_INFORMATION SUPPLIED_.
################
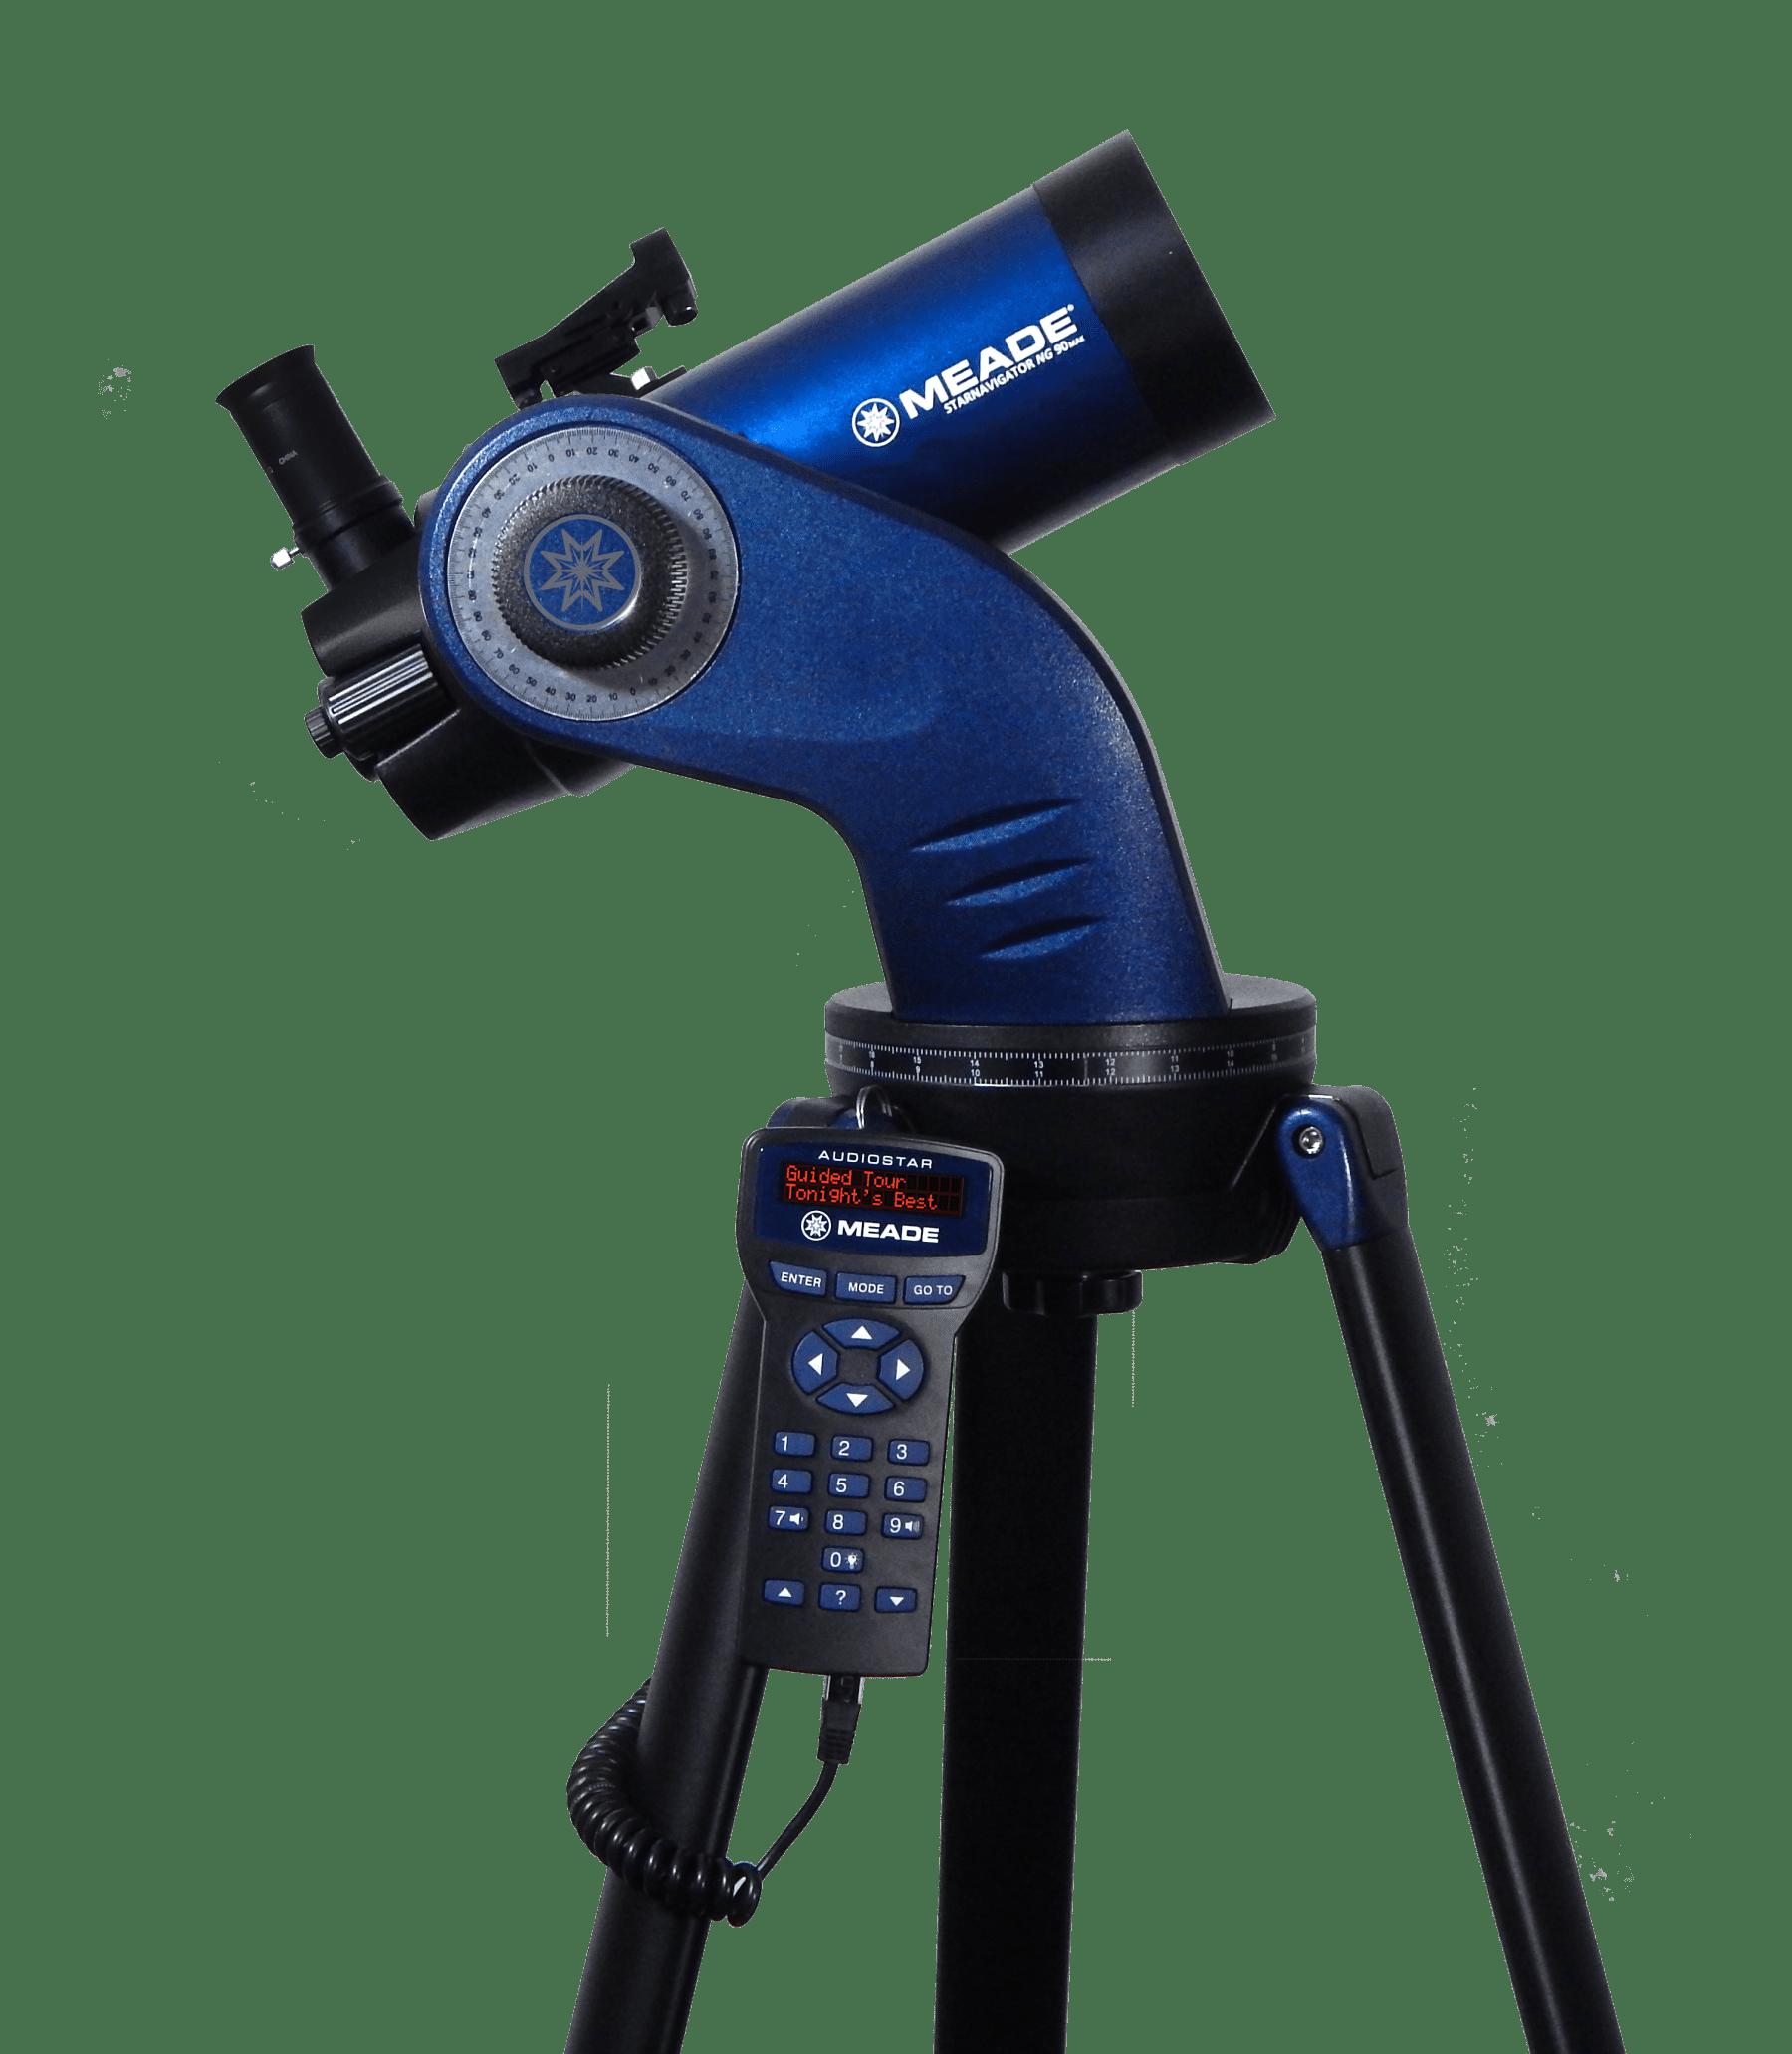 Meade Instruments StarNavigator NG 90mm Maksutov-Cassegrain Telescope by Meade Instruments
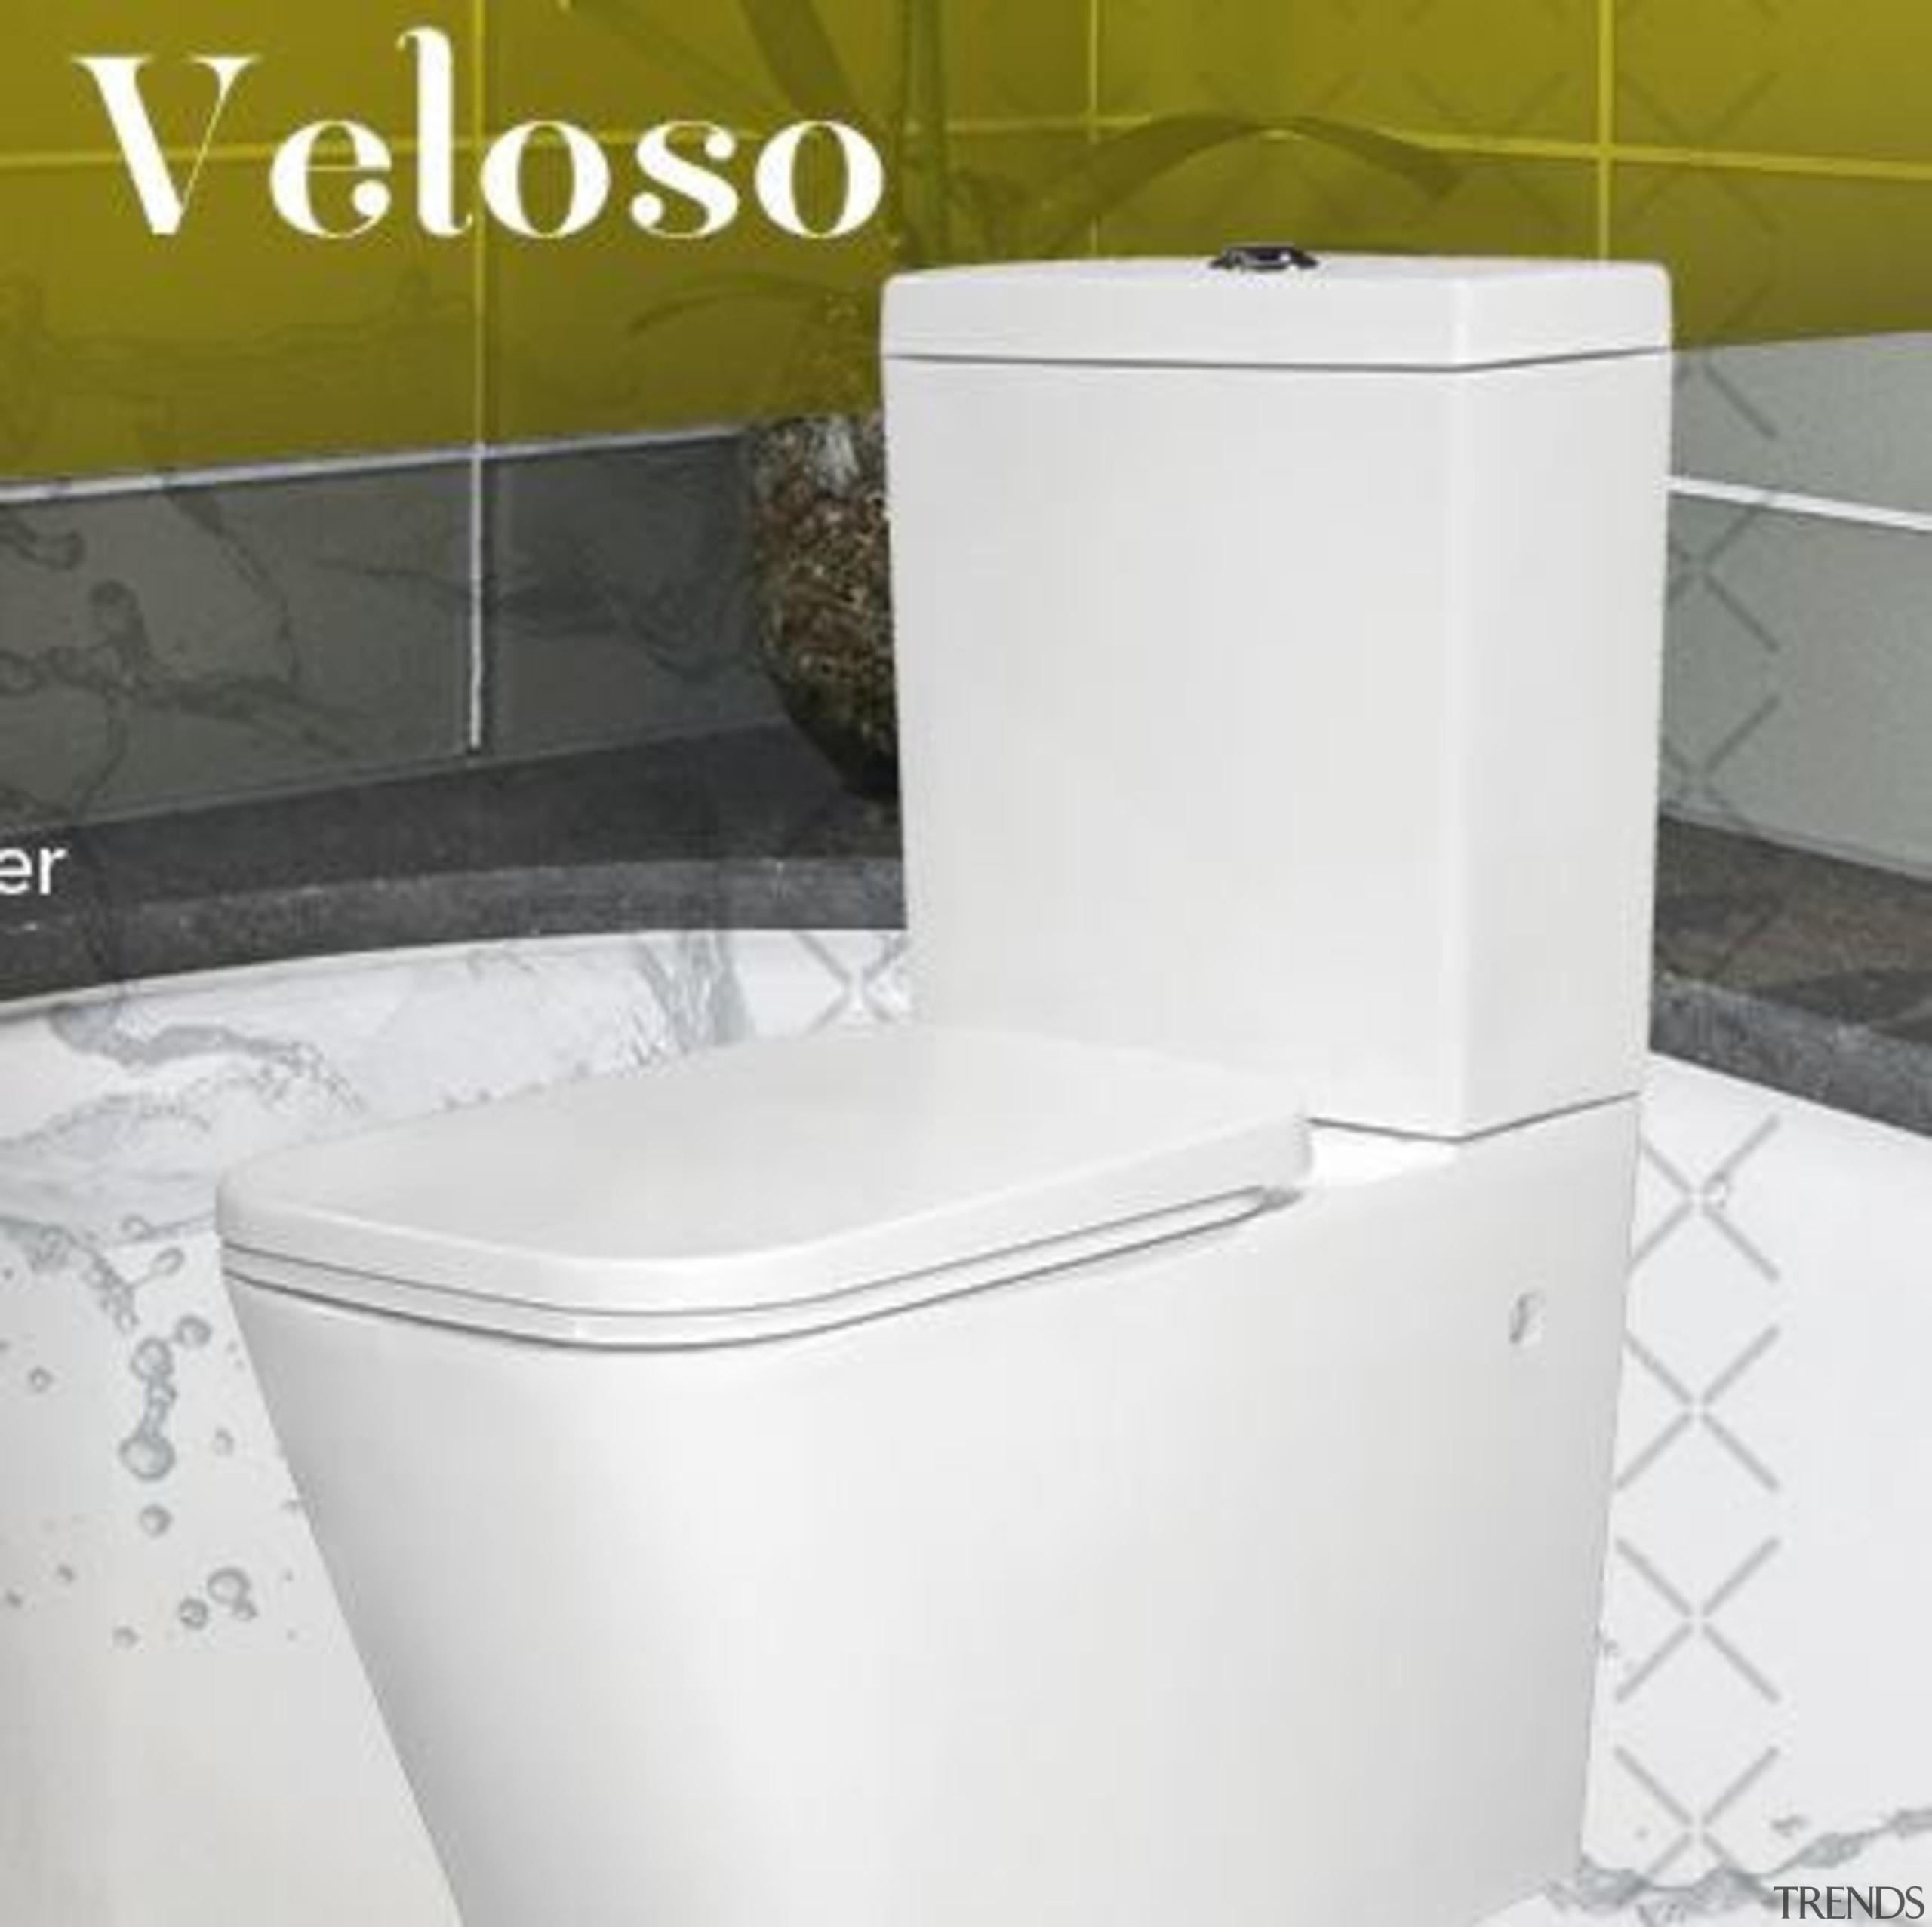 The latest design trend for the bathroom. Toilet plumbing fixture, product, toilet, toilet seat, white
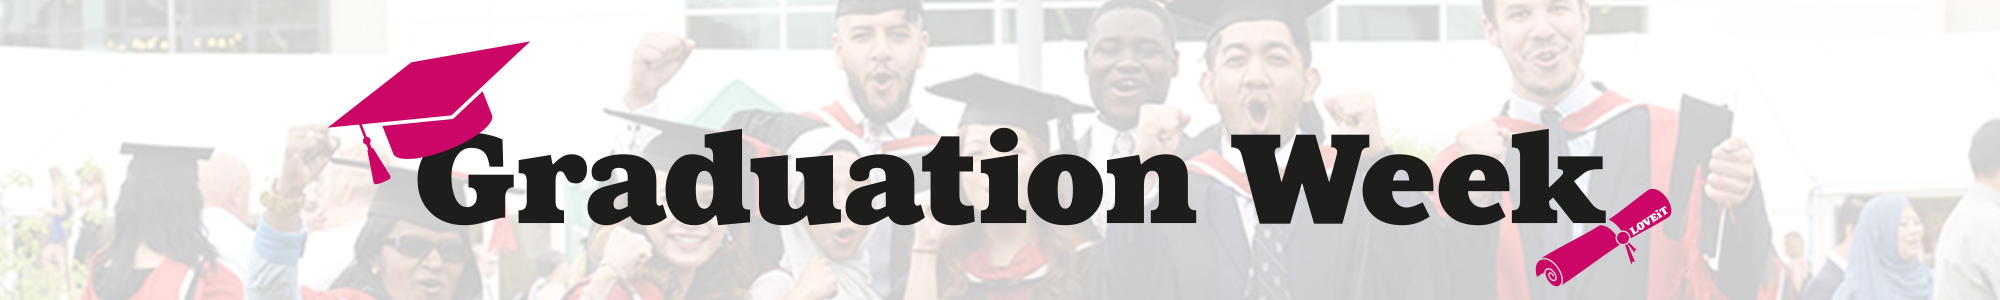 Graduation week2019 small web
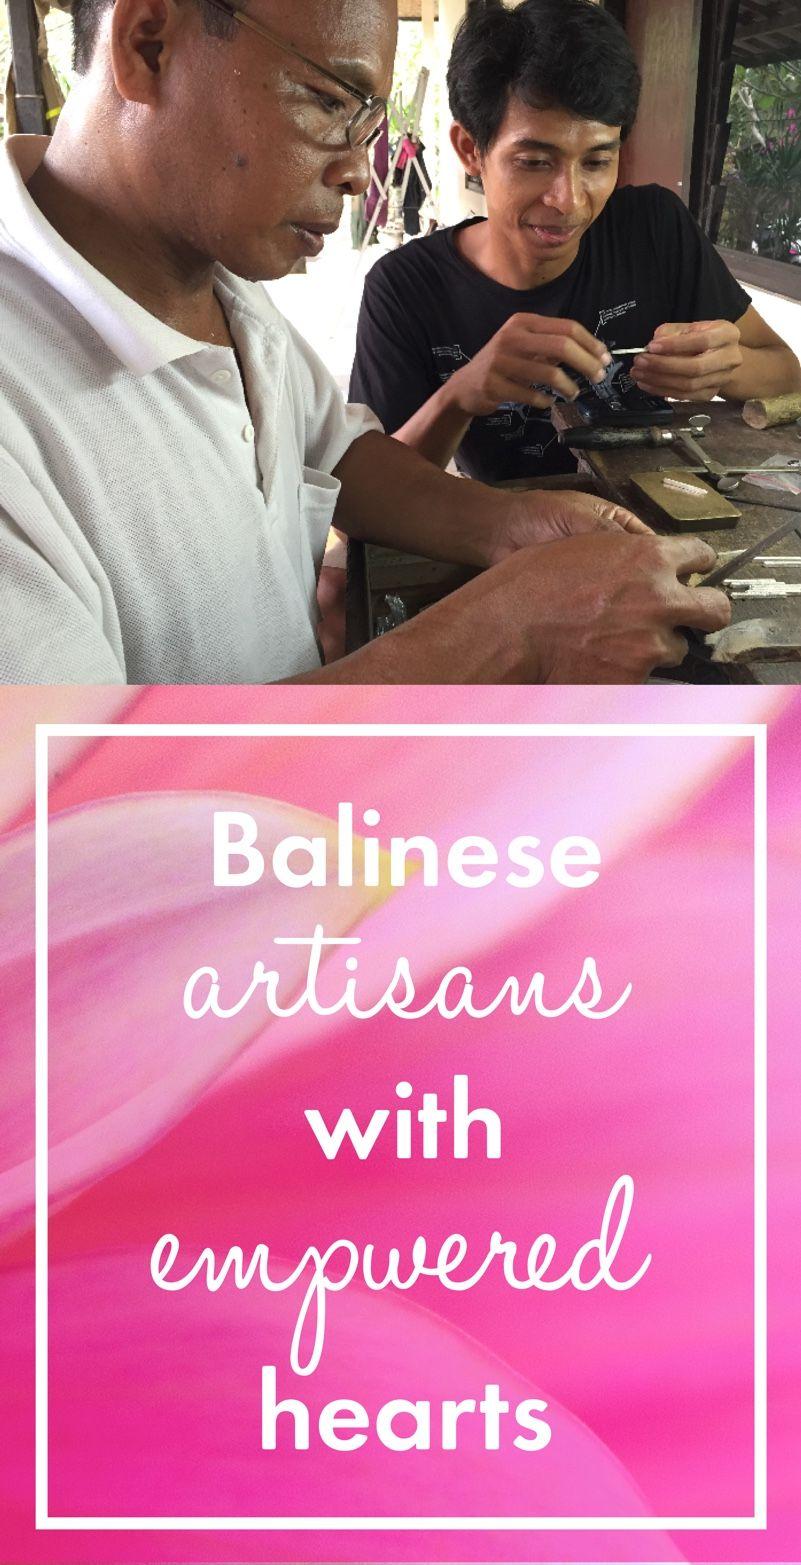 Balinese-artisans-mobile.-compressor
################
_REQUIRED WORK_. A verbatim transcript of the material above, with images dropped, is the expected output.

_SOLUTION_.
 Meade Instruments StarNavigator NG 90mm Maksutov-Cassegrain Telescope by Meade Instruments
 The latest design trend for the bathroom. Toilet plumbing fixture, product, toilet, toilet seat, white
 Graduation week2019 small web
 Balinese-artisans-mobile.-compressor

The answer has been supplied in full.